What is needed is an exact reproduction of the listing, without its pictures.

→ **Data below**
----------------
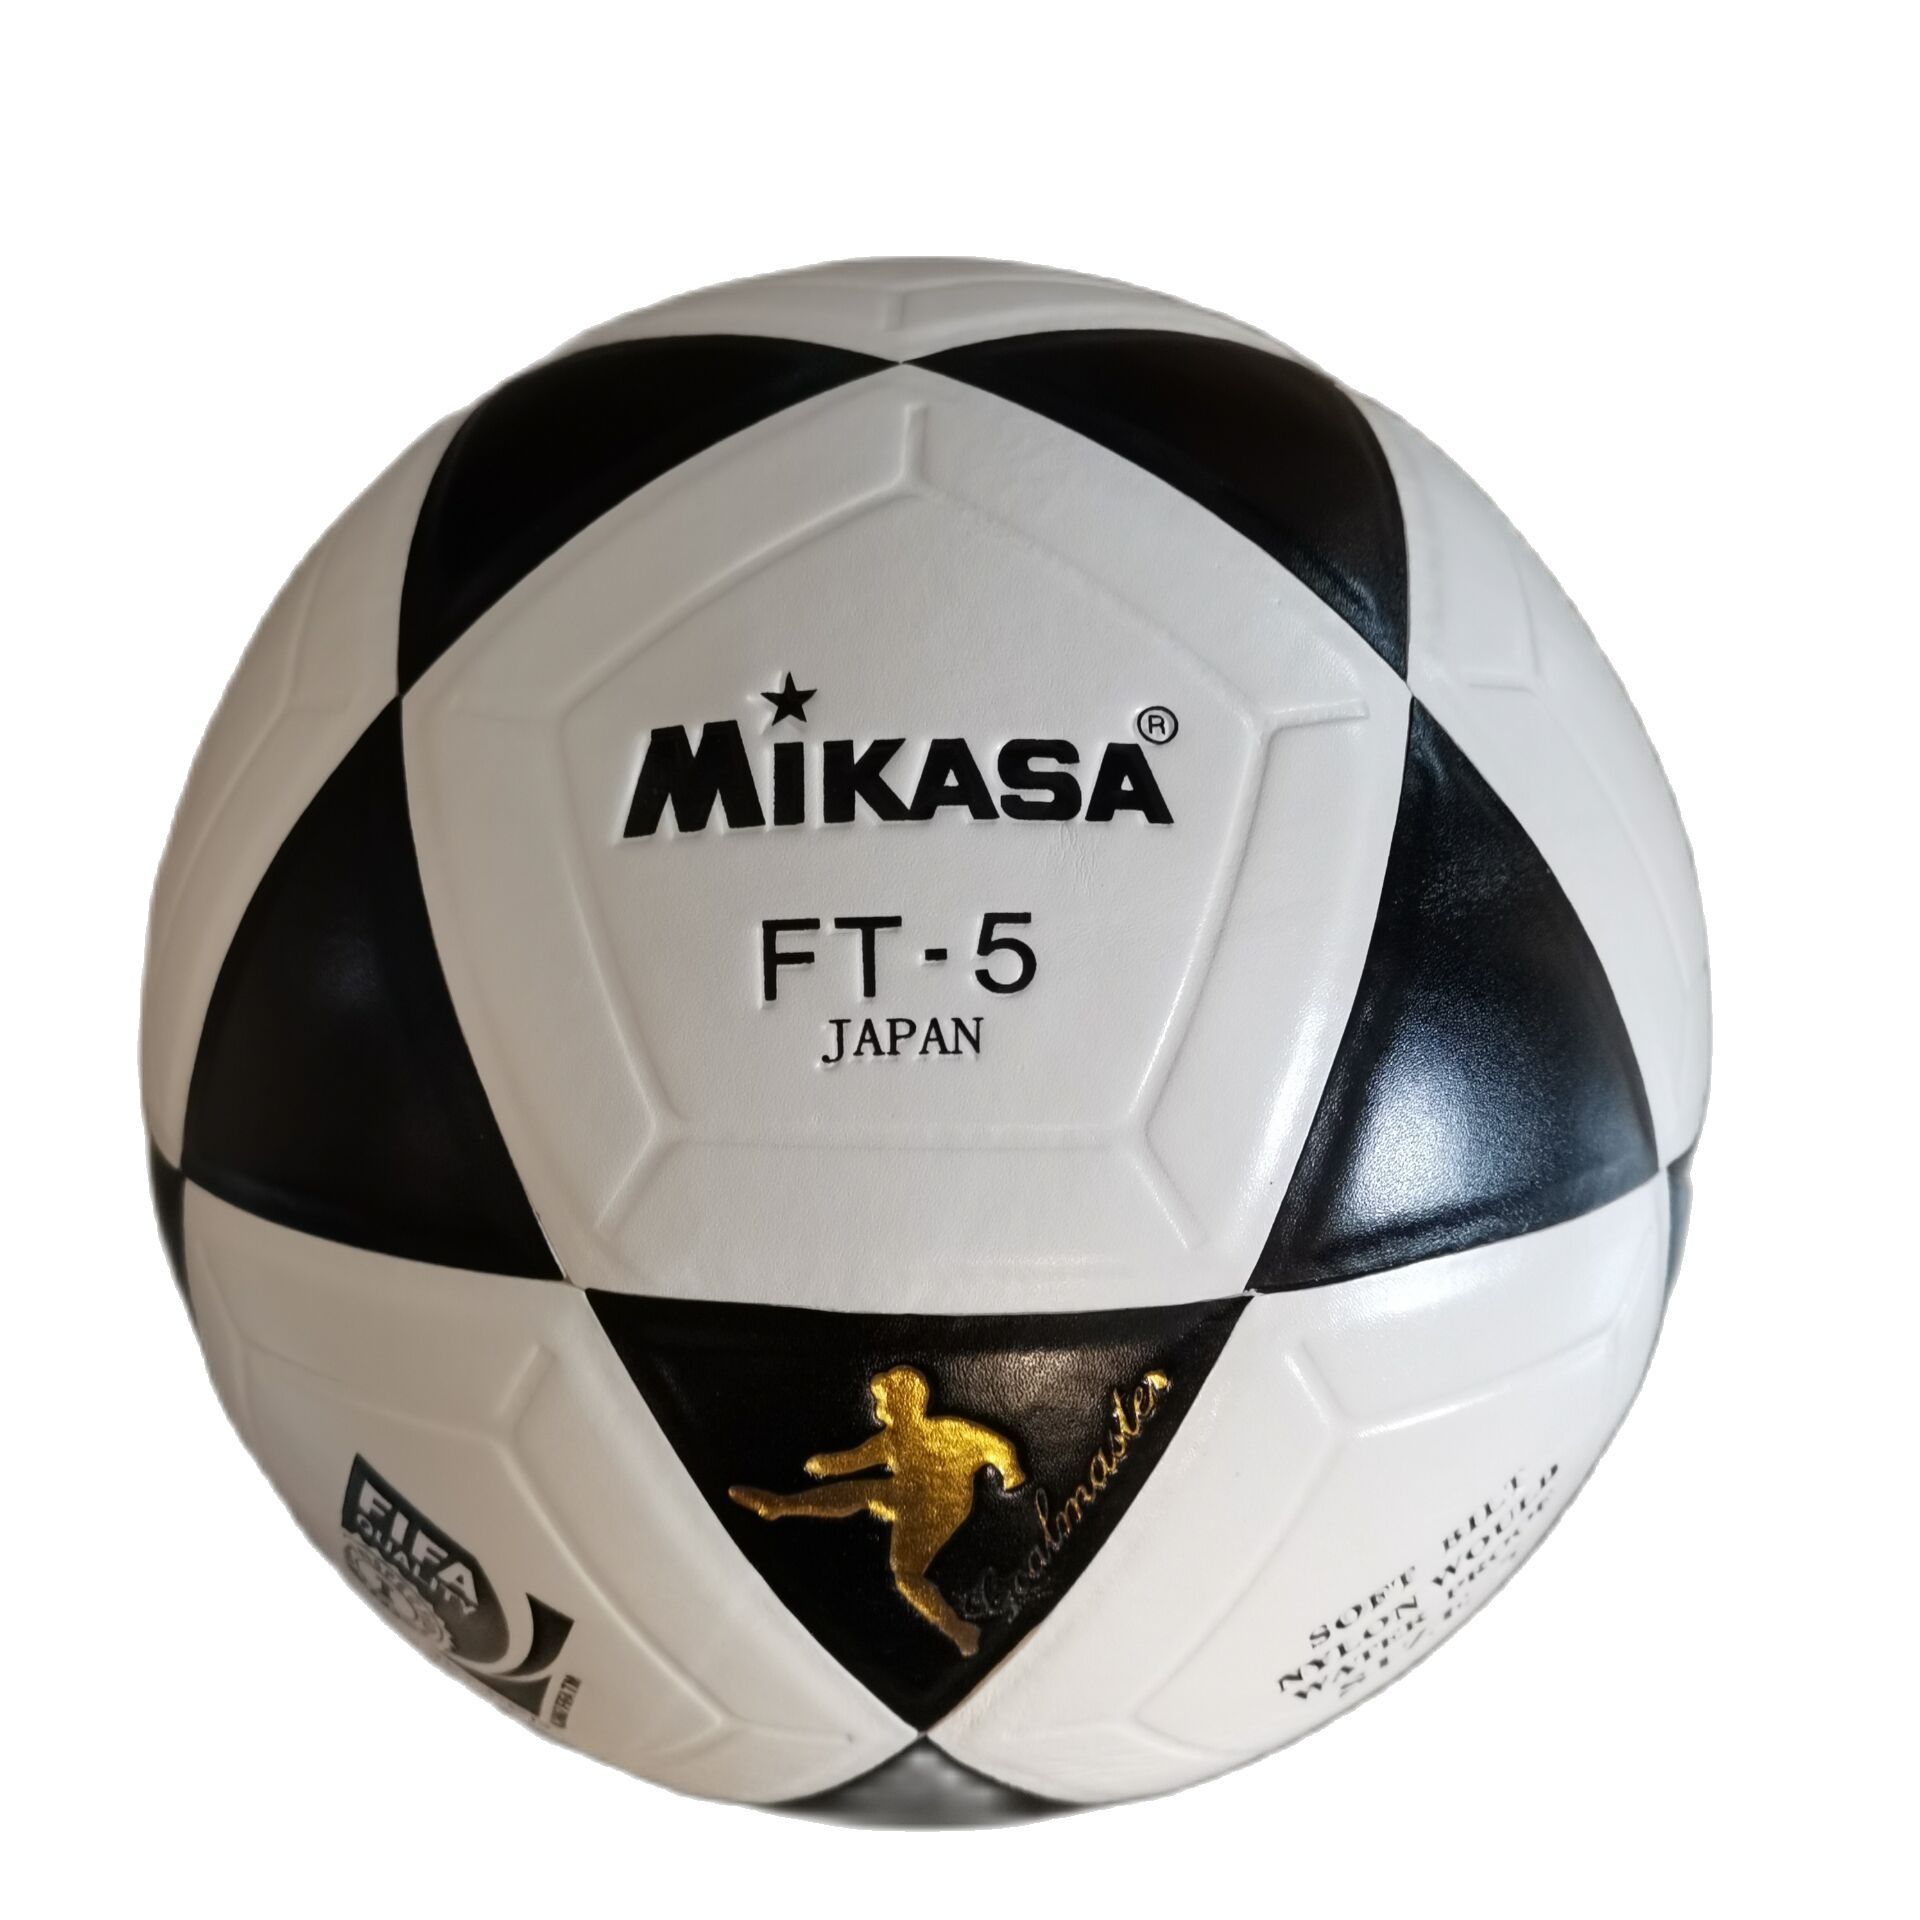 Ballen Bal Pvu League Mikasa Voetbal Sport Maat Bal Doel 5 Voetbal Outdoor Een Training Voetbal Pvu Voetbal maat 5 F
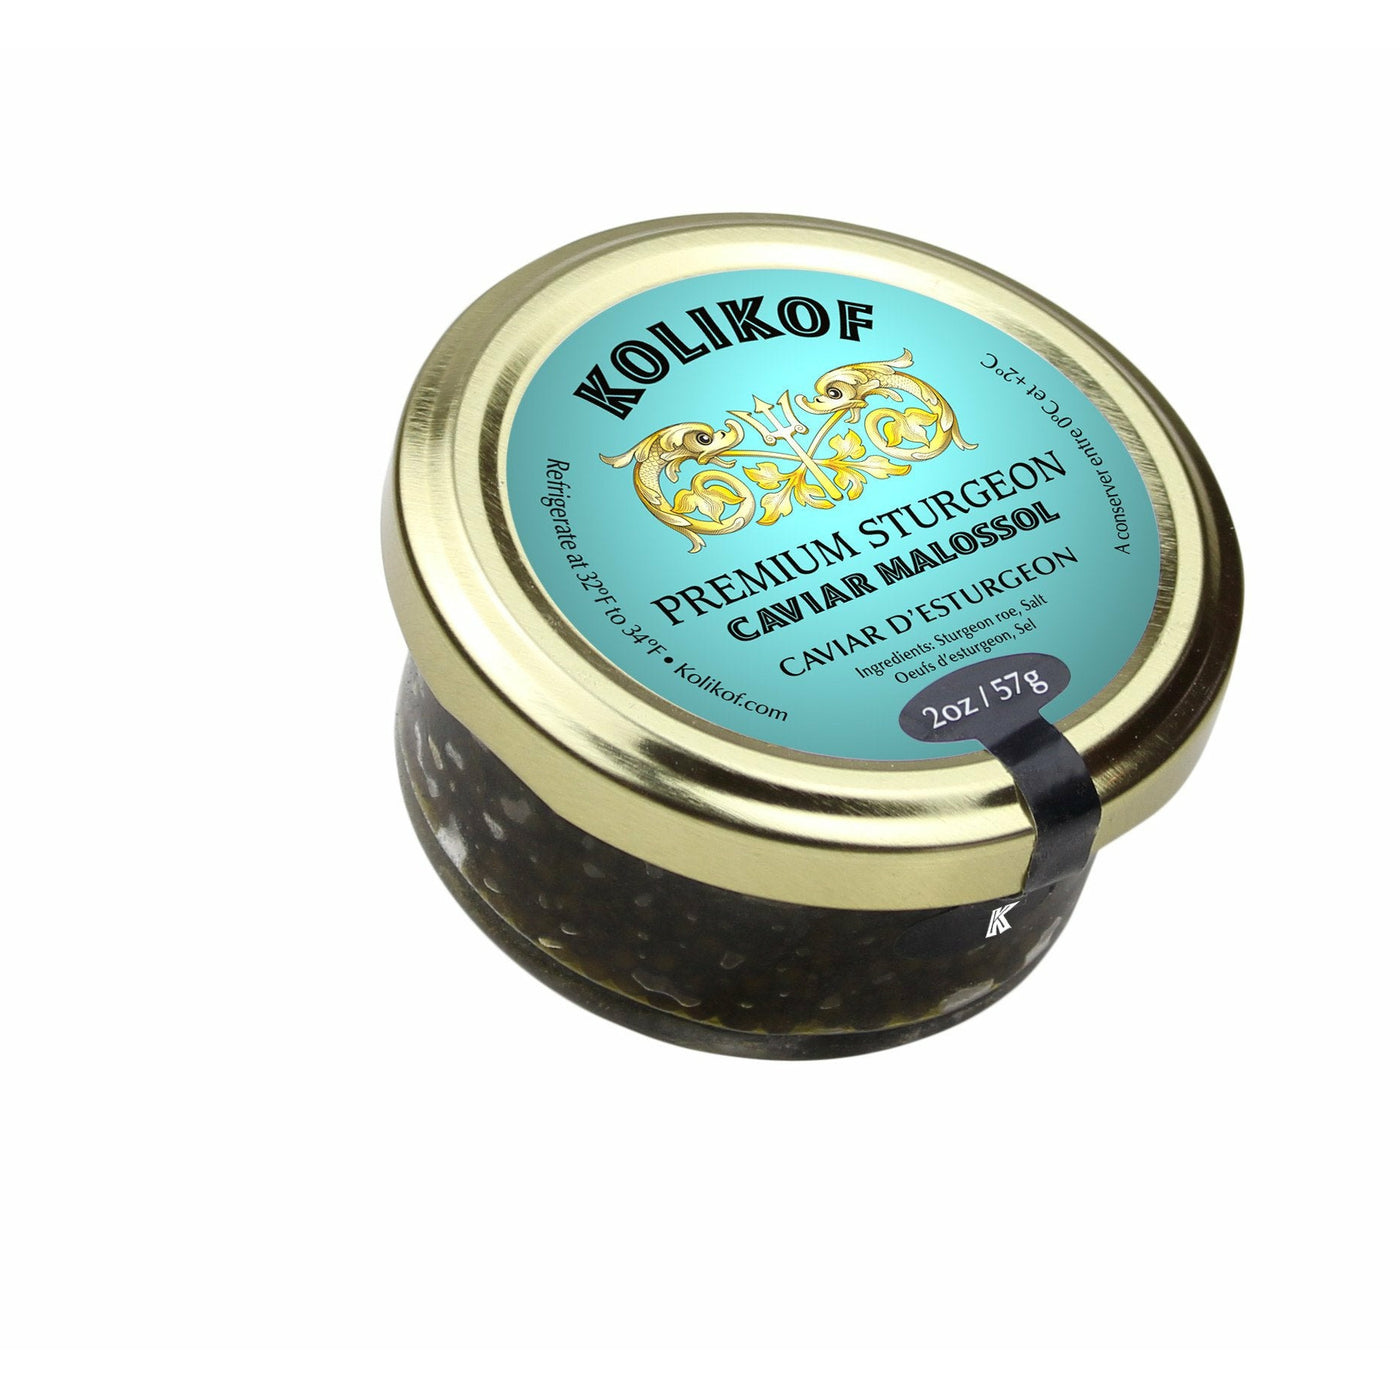 Premium Sturgeon Caviar by Kolikof, 2 oz
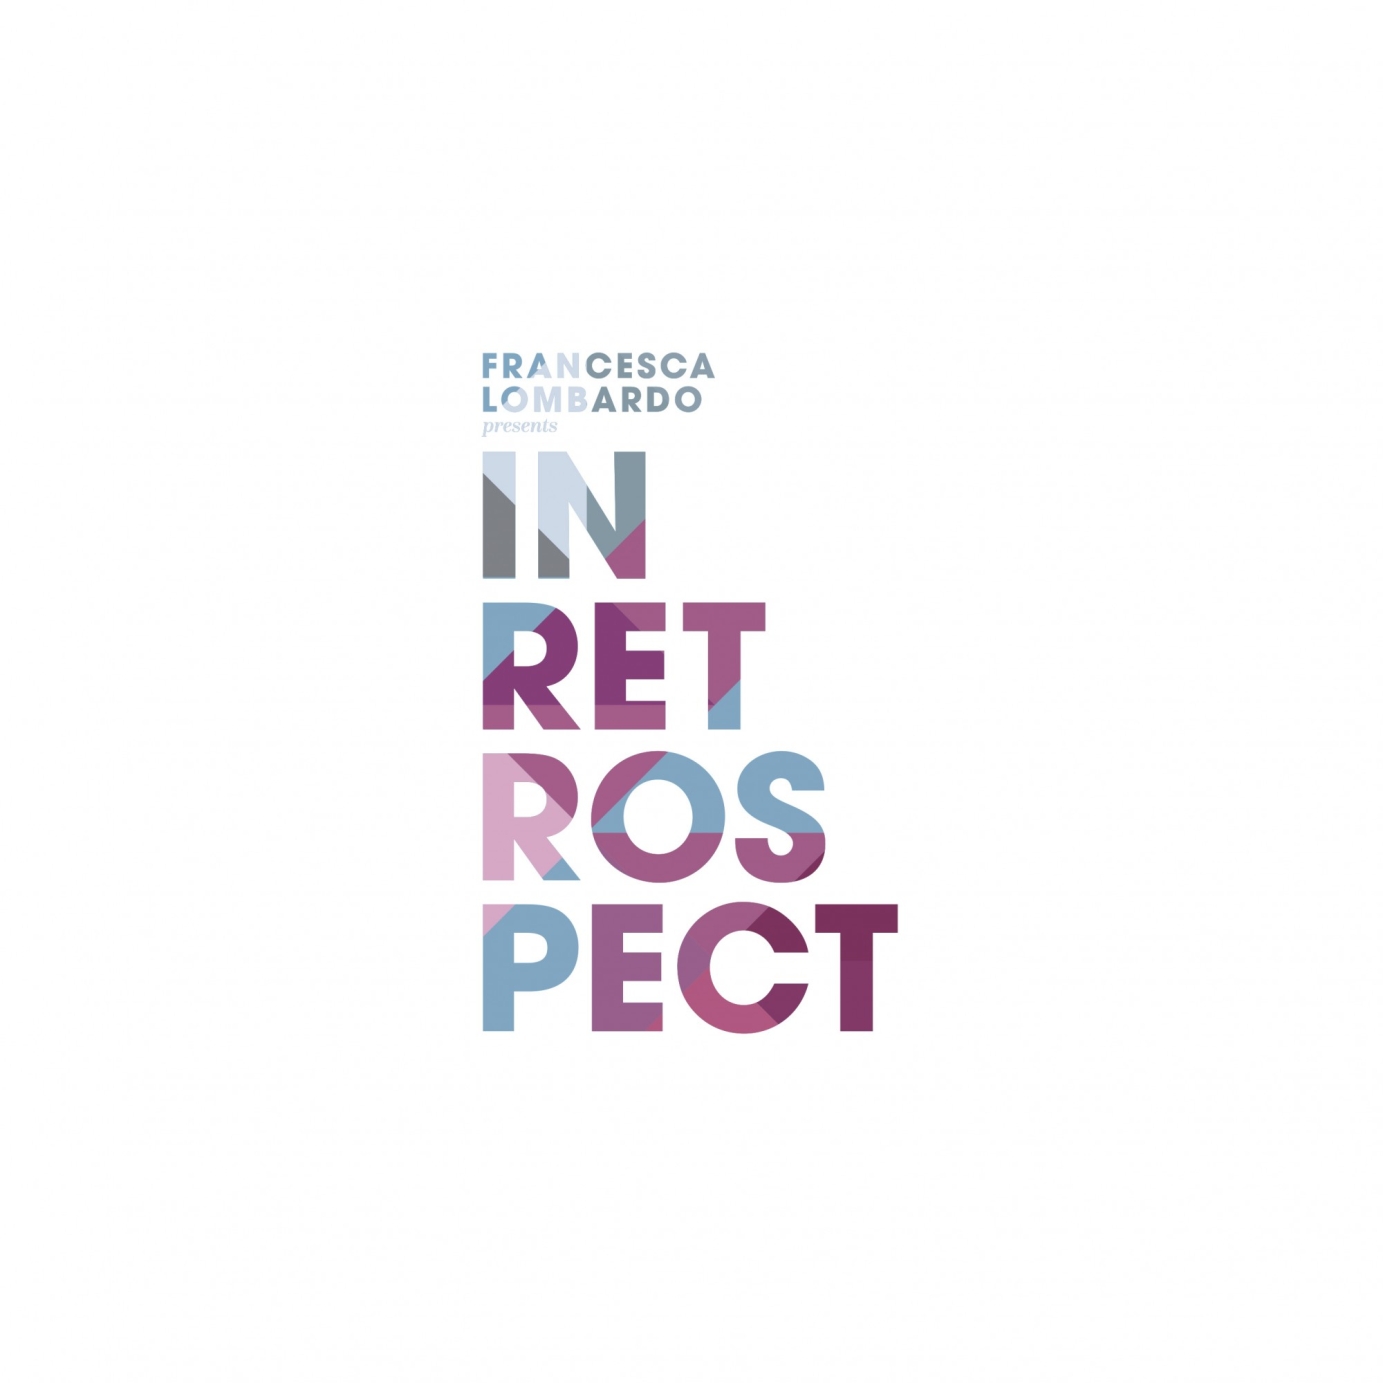 Francesca Lombardo presents: In Retrospect - Compilation Artwork
----------------
→ **Answer section**
 Ballen Bal Pvu League Mikasa Voetbal Sport Maat Bal Doel 5 Voetbal Outdoor Een Training Voetbal Pvu Voetbal maat 5 F
 Premium Sturgeon Caviar by Kolikof, 2 oz
 Francesca Lombardo presents: In Retrospect - Compilation Artwork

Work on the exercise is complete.